9. Invert the tubes with the resin-phage mixture several times until the solution is
homogeneous and let sit at room temperature.
To avoid DNA degradation, do not let the Phage-DNA-resin mixture to stand too
long at room temperature, do not store it at 4°C or place it at 37°C. Apply the
Phage-DNA-resin solution to the syringe-column set up immediately after it looks
homogeneous and continue with the 80% isopropanol wash and the elution step.
E. Isolate the phage genomic DNA.
1. Take a 3 ml syringe barrel (remove the plunger if present) and attach it onto a column
(both are supplied with the DNA purification kit). Set the column-syringe on top of a 1.5
ml microcentrifuge tube. The DNA-purification kit manual has a figure showing how the
column-syringe set up should look. Have a 3 ml syringe plunger ready to use (keep it in a
clean place. Set up several open 1.5 ml microcentrifuge tubes on a rack.
2. Prepare a new 1 ml cut-off blue pipette tip and transfer the resin-phage-genomic-DNA
solution to the column-syringe set up with the P-1000 pipettor. Use one column for each
ml of resin/buffer you have used.
Before transferring the resin, remember to mix it very well by inverting the tube
several times. Transfer 500-600 ul first and then the remaining 500-600 ul.
Pipette the resin up and down, before taking it.
3. Use the syringe plunger to push this solution through the column.
First attach the plunger carefully. Then start pushing slowly but firmly!
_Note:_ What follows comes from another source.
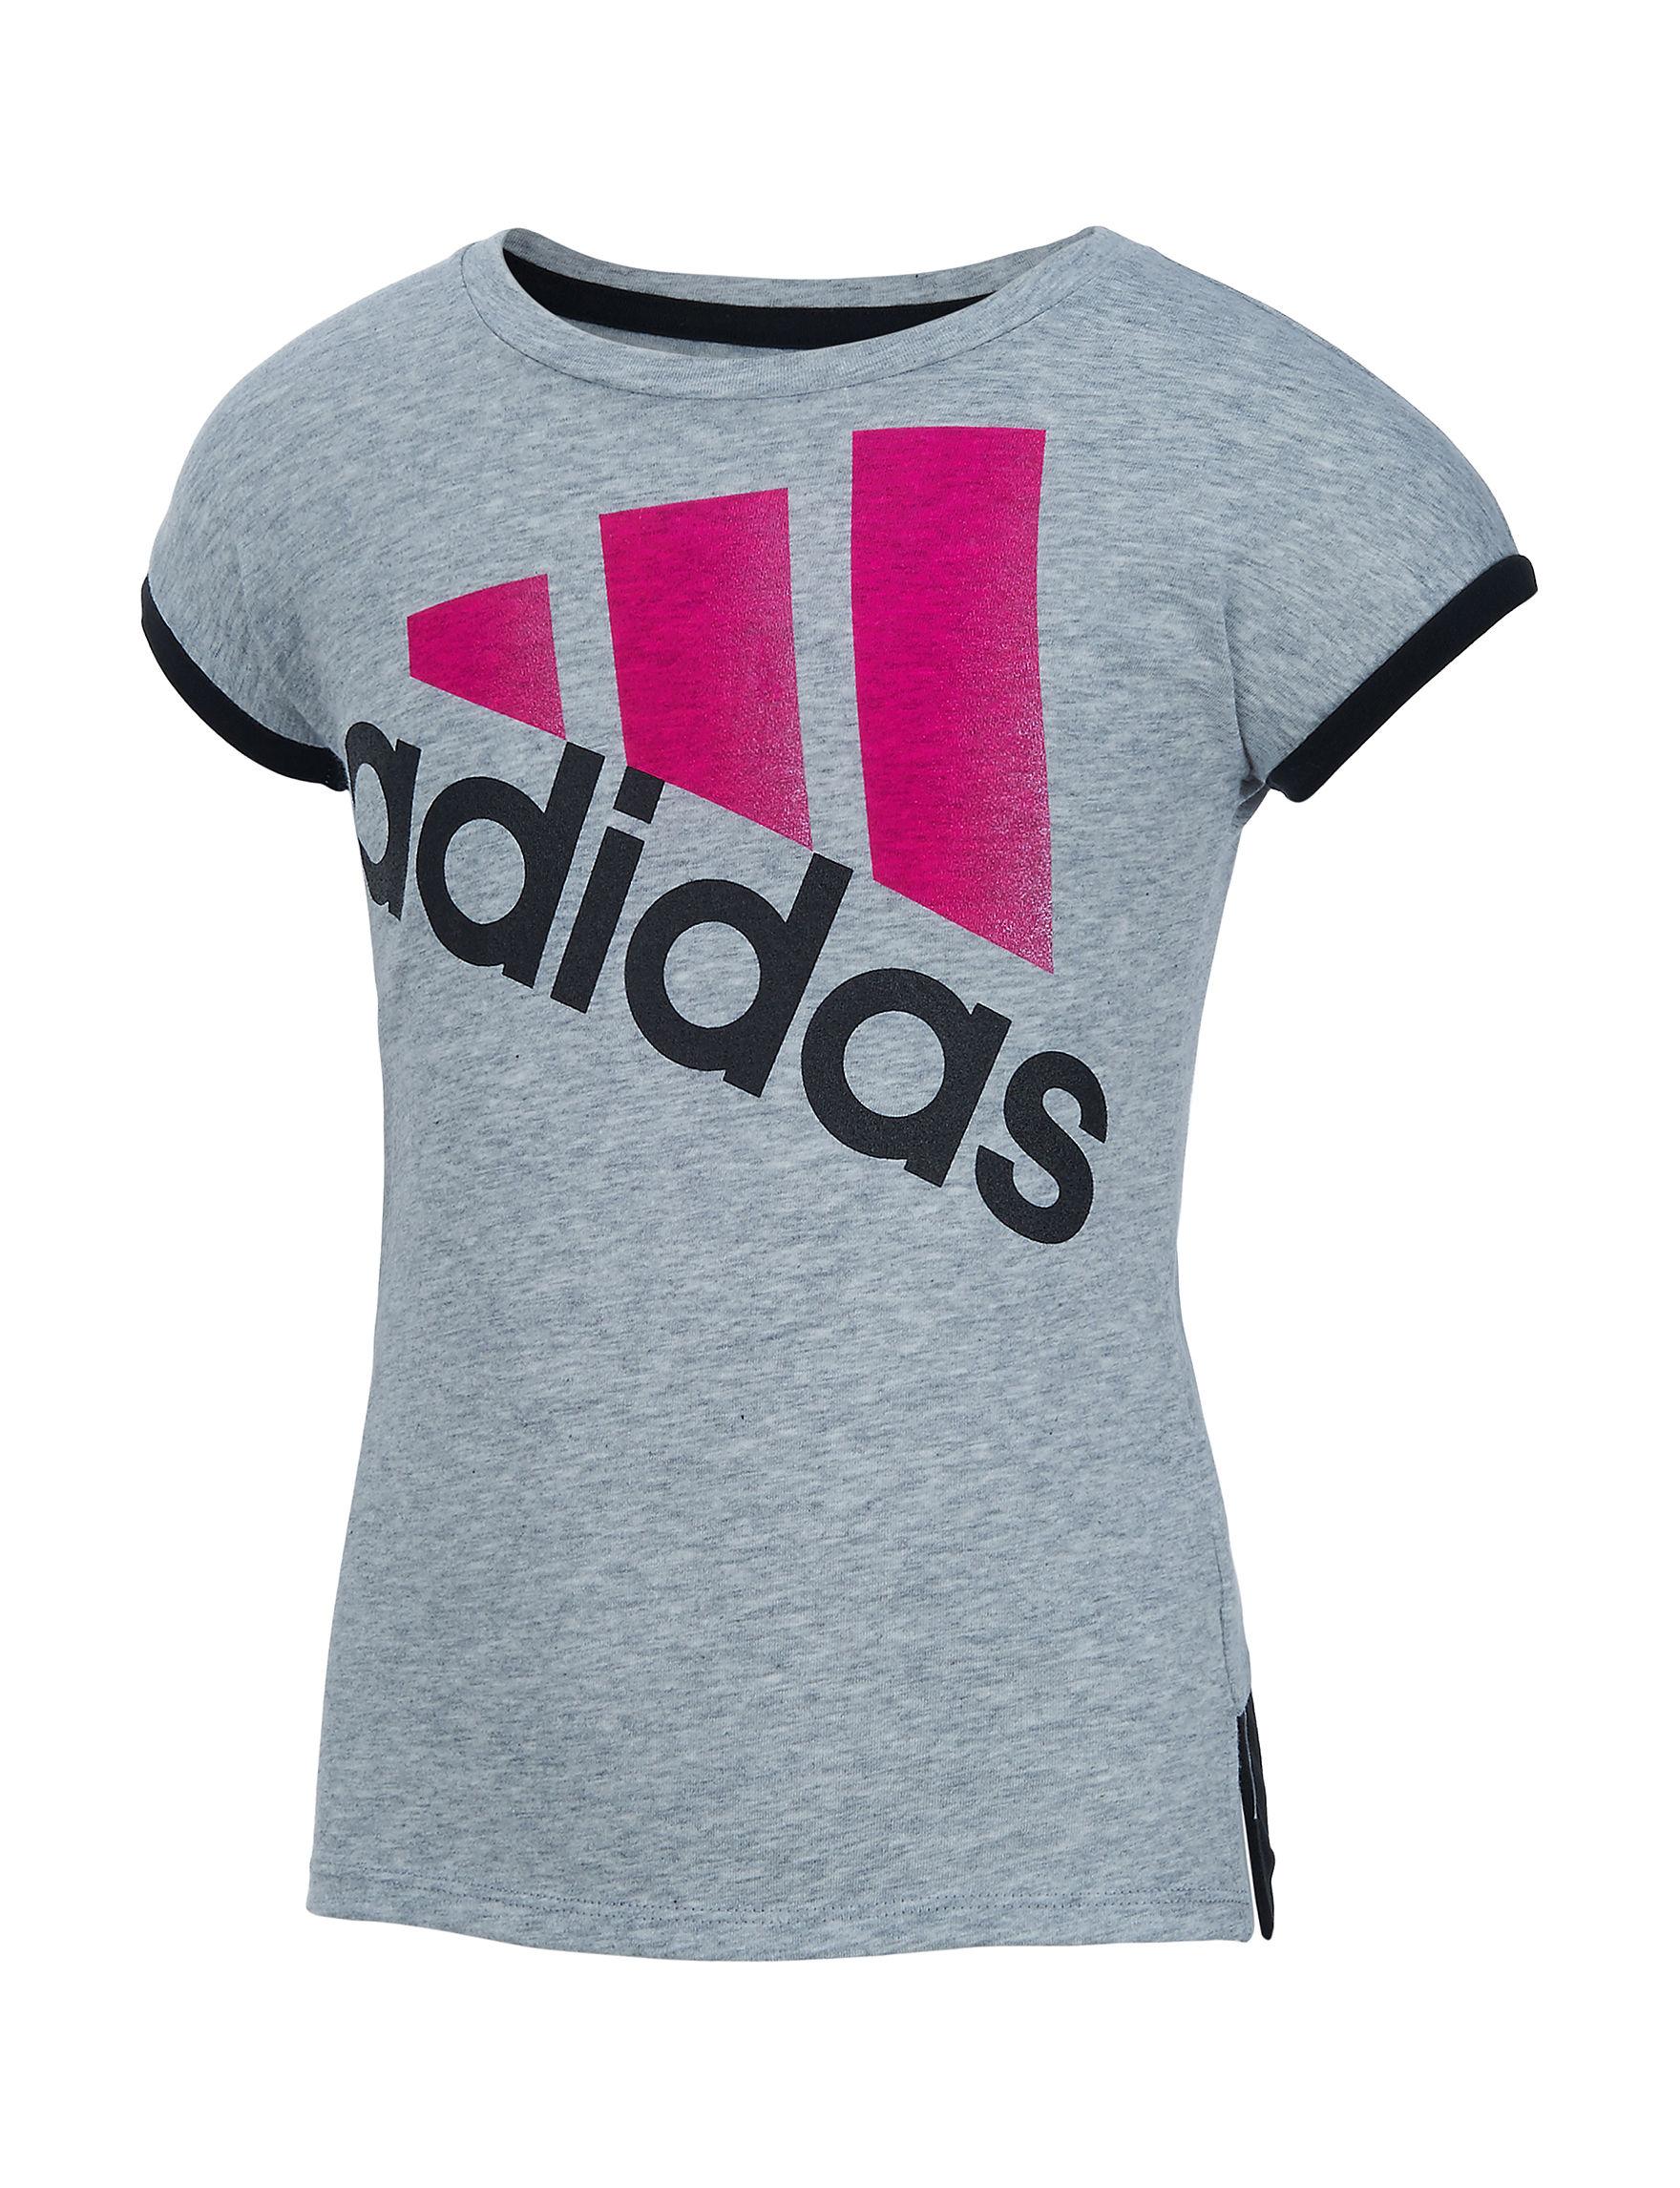 Adidas Medium Grey Tees & Tanks

You will need to change the column set up to a new 1.5 ml microcentrifuge tube to have
enough space for the liquid that flows away from the column. Move to a new 1.5 ml
microcentrifuge tube as the waste comes through and keep pushing gently until the
plunger reaches the end of the column.
If you need to add extra-force to make the solution through, there is something
wrong. The column clogs when the phage capsid is not completely denatured and
even if you make the DNA-resin solution to go through using force, the isopropanol
wash will not work. At this point is better not to proceed with the protocol. Start the
purification over with changes. These are some suggestions:
a) The initial titer may be too high or the phage pellet obtained is too big. In
this case, reduce the starting volume of lysate used. Precipitate the phage for
a short time (30 min on ice).
b) Make sure to mix the phage pellet completely after the resin has been applied
to it. If it looks like there is too much material, split it to additional aliquots
of resin/buffer suspension and run through additional columns.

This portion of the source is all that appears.